4 Kb is more than enough for many cases. Caption, By-line, photographer address, usage restrictions, a number of keywords, a rating and a label. That's usually all that goes into a file before it is archived. I estimate the standard XMP data change volume is 200 to 1,000 bytes. Perhaps 2K if you work with large controlled vocabularies or need to add larger scientific copy.

If support for selected (!) unmovable "fixed length" fields like EXIF date/time, EXIF orientation or (already existing) GPS coordinates could be included, this would save a lot of time too. These fields are the most often updated tags in typical DAM environments. And they are often updated in large batches, which means high volume I/O.

Even having a very restrictive implementation like:

A) Works only for XMP (and selected fixed length EXIF tags)
B) Requires existing XMP
C) Requires sufficient "slack" space in the existing XMP for the changes
D) In case of any doubt, don't

could lead to a tremendous performance gain for many use cases.

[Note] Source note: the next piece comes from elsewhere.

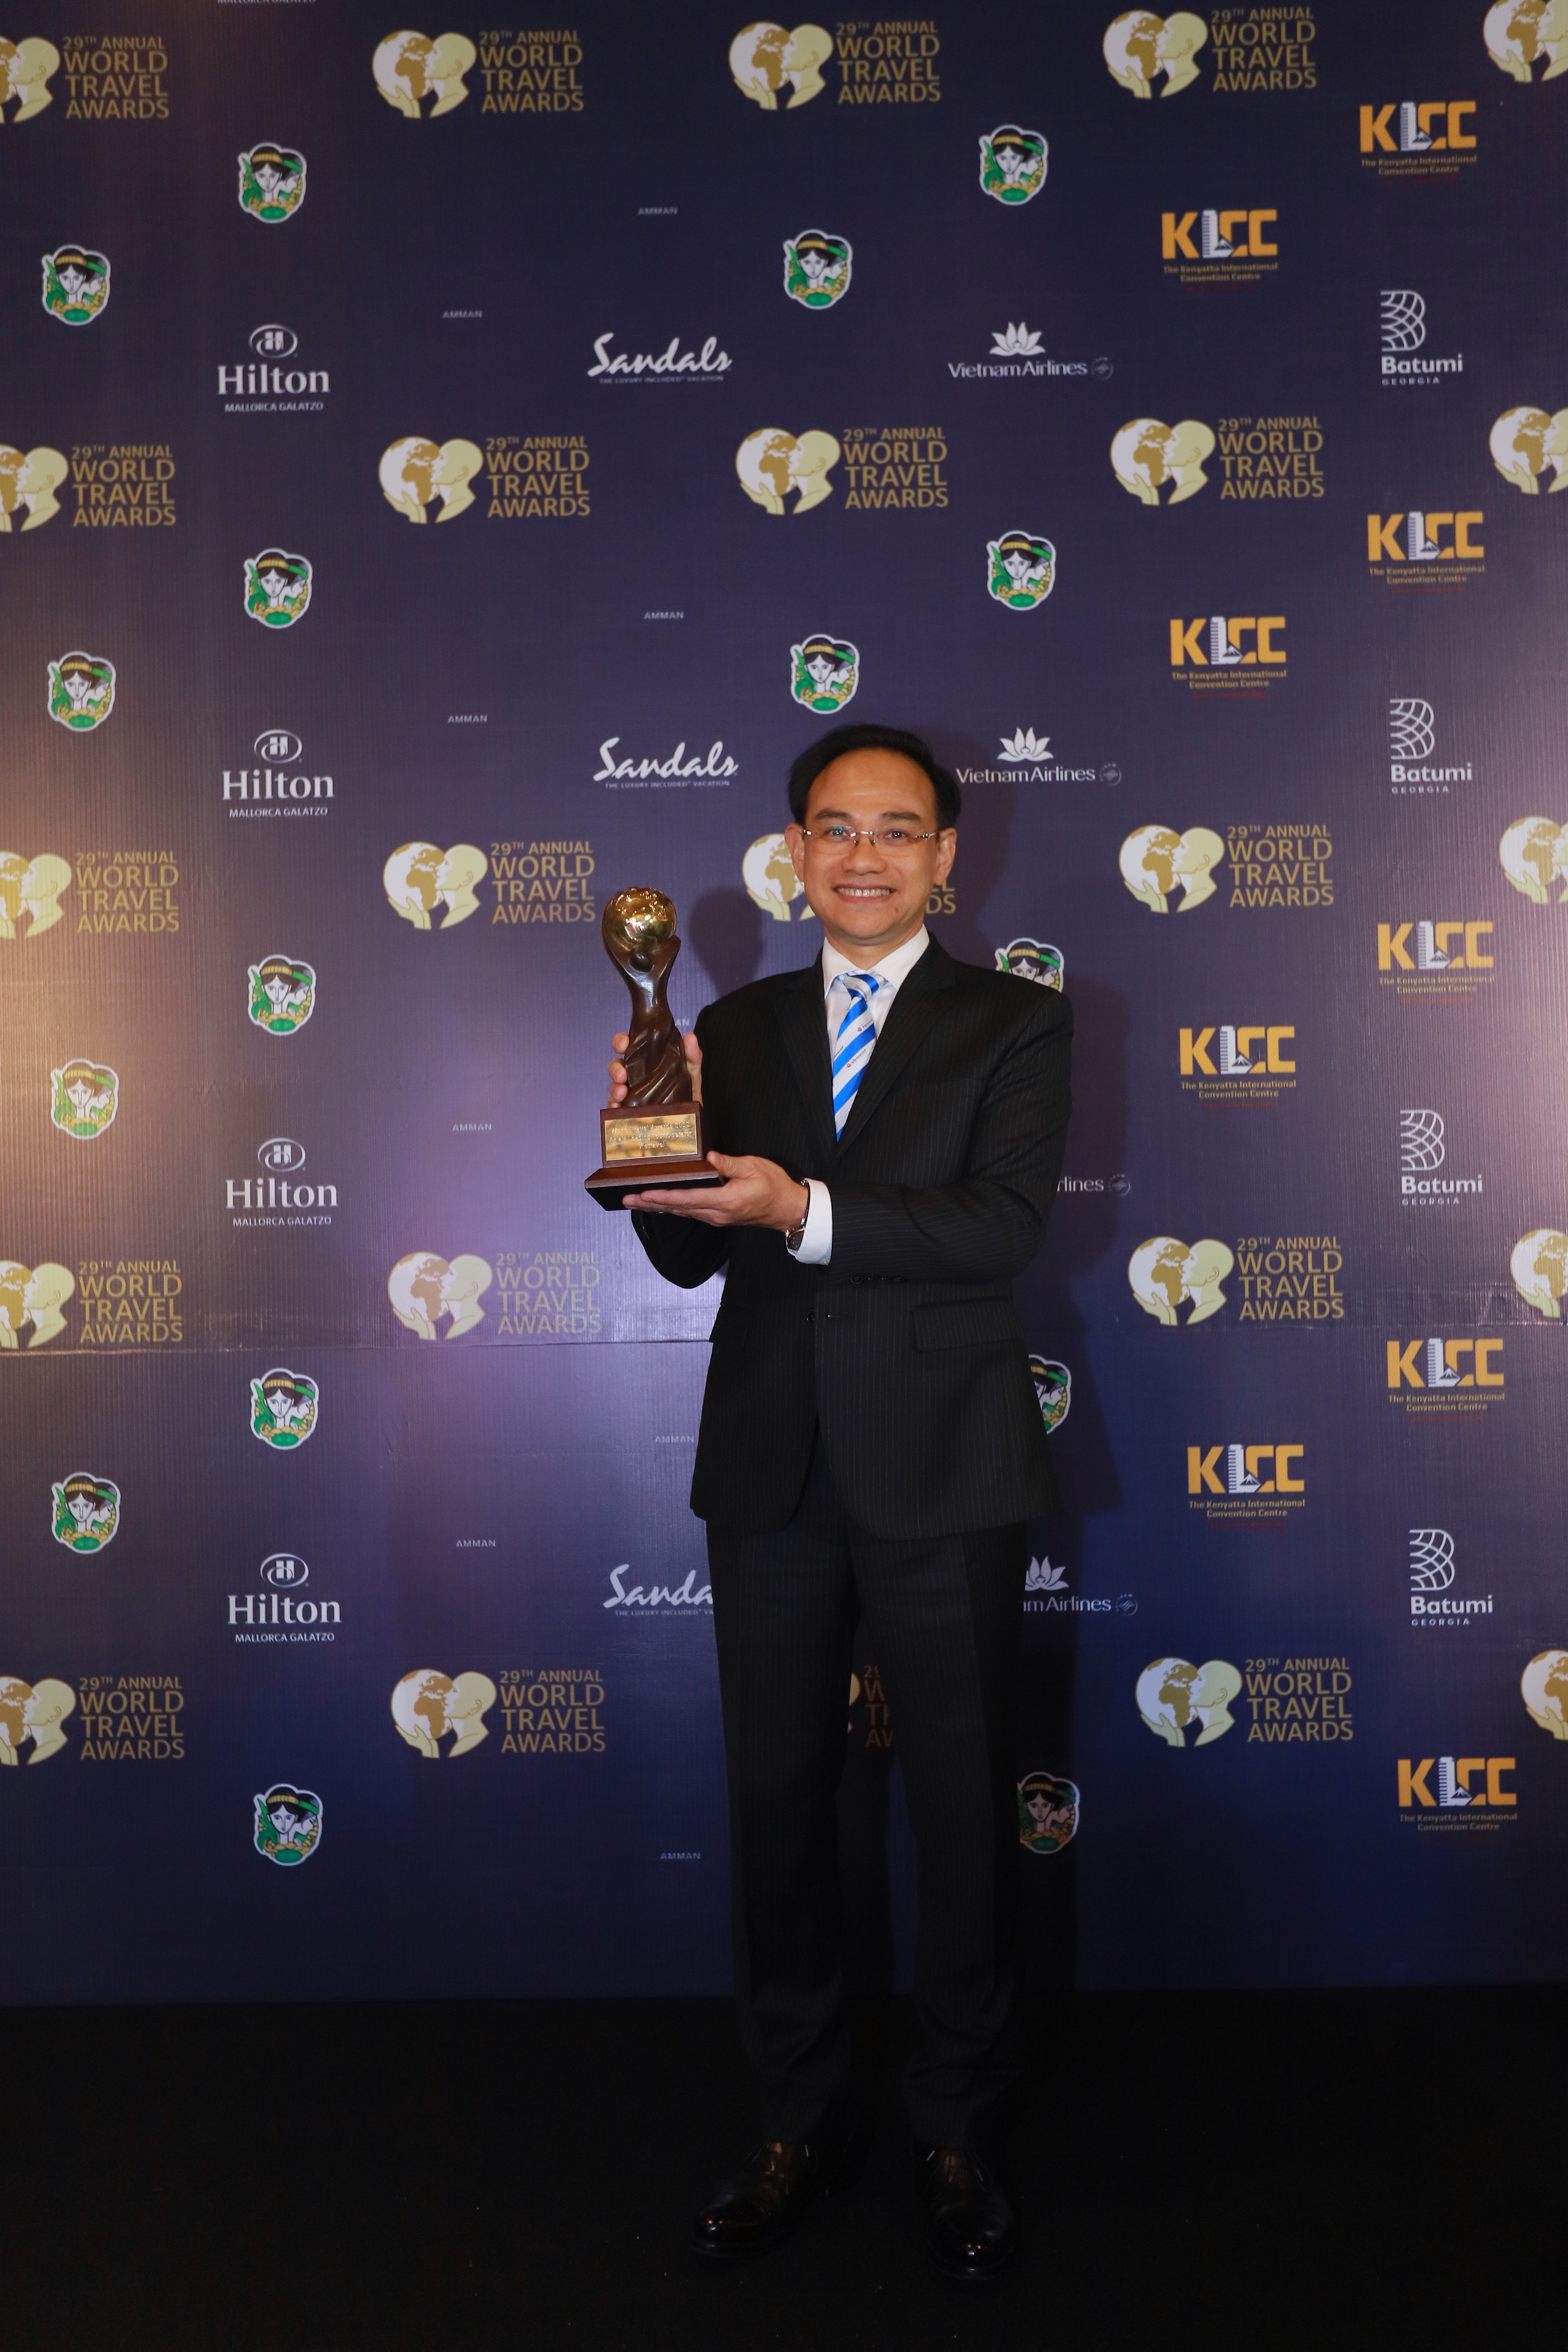 Vietravel ghi đậm dấu ấn tại Giải thưởng Du lịch Thế giới – World Travel Awards với chiến thắng lần thứ 10 liên tiếp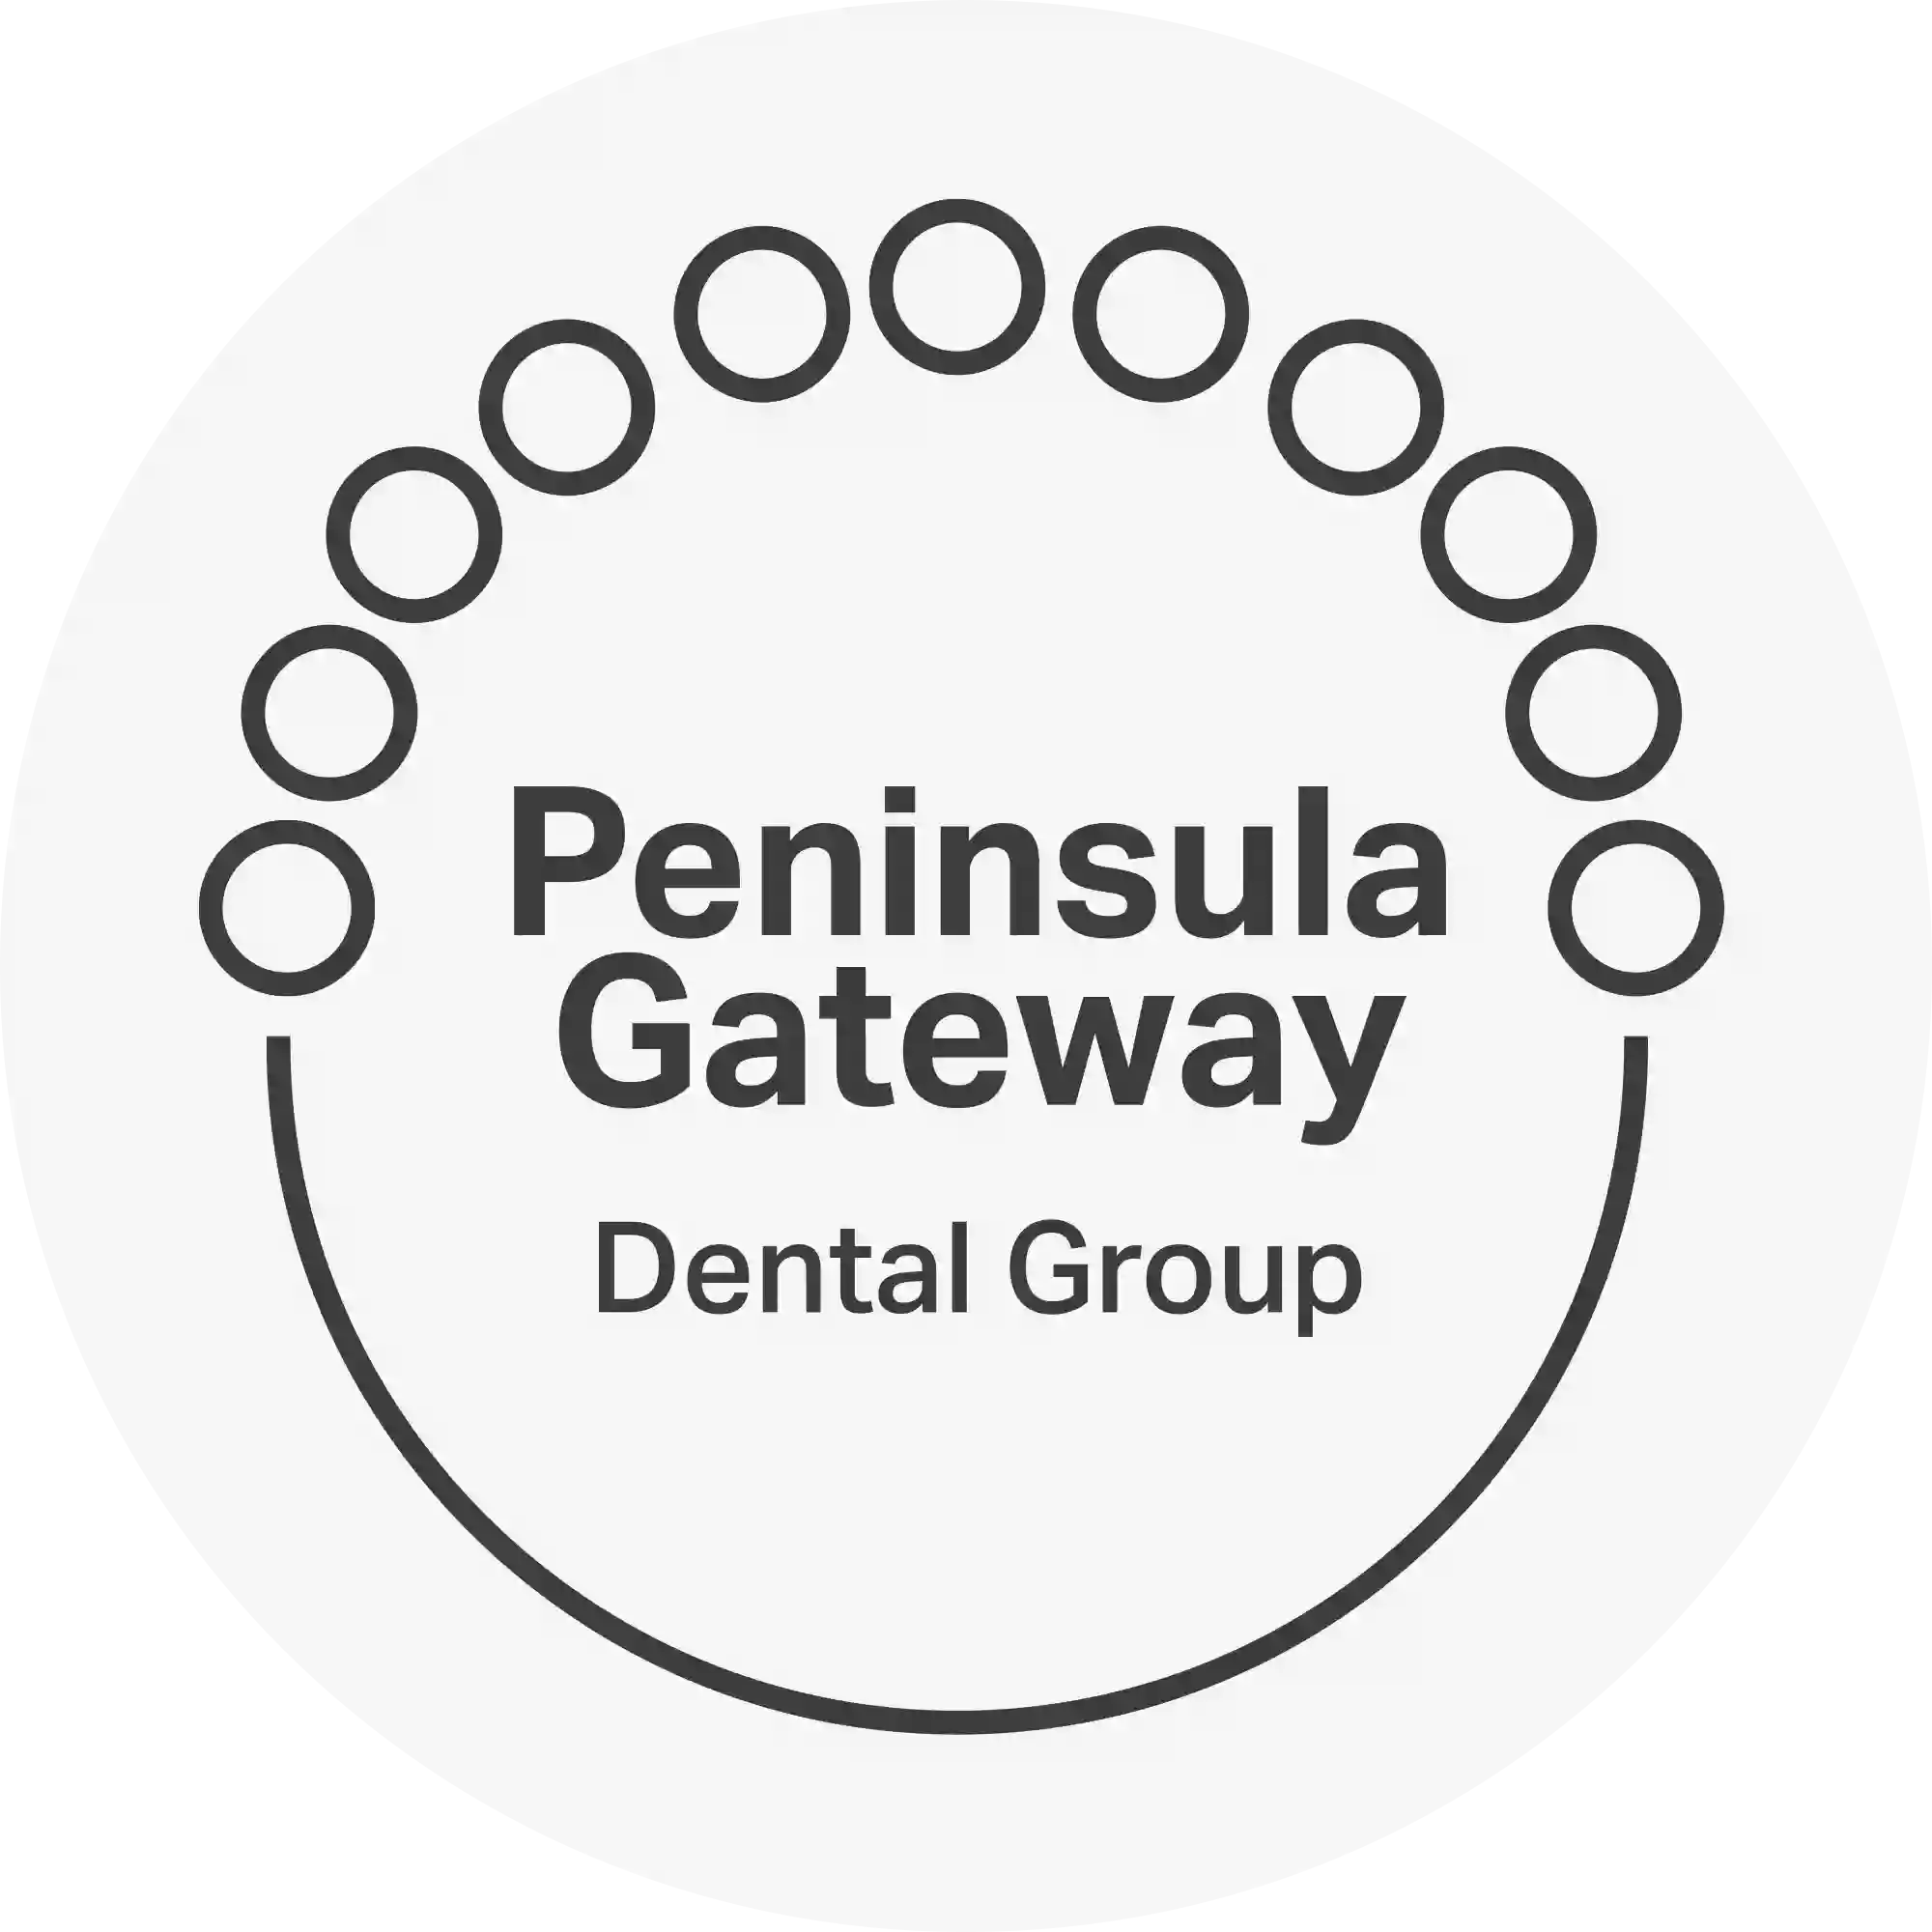 Peninsula Gateway Dental Group

Changing an XMP rating could be done by writing a single byte, instead of copying a 100 MB TIFF file over a network. Even adding or removing a keyword or label could be done in-line.
Correcting the EXIF date and time for 2000 JPEG files from this years vacation on a slow NAS would probably drop to a couple of seconds instead of 10 minutes. Much better for Cloud / wireless applications and mobile usage.

Phil Harvey

I don't disagree with anything you say, and I realize that a feature like this would be useful to many people.  It could also allow me to add partial write support for some formats which aren't yet supported for writing (AVI, MOV for example).  Actually, this feature is already on my to-do list, but not very near the top -- I'll move it up a bit.

- Phil
...where DIR is the name of a directory/folder containing the images.  On Mac/Linux/PowerShell, use single quotes (') instead of double quotes (") around arguments containing a dollar sign ($).

Mac2

Hi, Phil

then you've got me sitting silent, hoping that this will show up some day  :)
No rush, though. I'm sure you have plenty of other things on your to-do list. And also a real real life  ;)

Phil Harvey

I just checked my to-do list.  This was item number 235.  I'll move it up to number 100. :)

Please don't get your hopes up too high... things don't tend to get completed until they move up to the top 20 or 30 in the list.  Currently there are 361 items in the "to-do" list, with 669 items already moved to the "done" list.

- Phil
...where DIR is the name of a directory/folder containing the images.  On Mac/Linux/PowerShell, use single quotes (') instead of double quotes (") around arguments containing a dollar sign ($).

Mac2

Already made the Top-100 - Yeah! I say  ;D

Looking at how fast you squeeze out updates, there is definitely light at the end of the tunnel.
If this also brings us (limited) write support for ID3 or other tags too, even more worth the wait.

(BTW: Thank you for adding the feature to use -if with group names in your latest release!)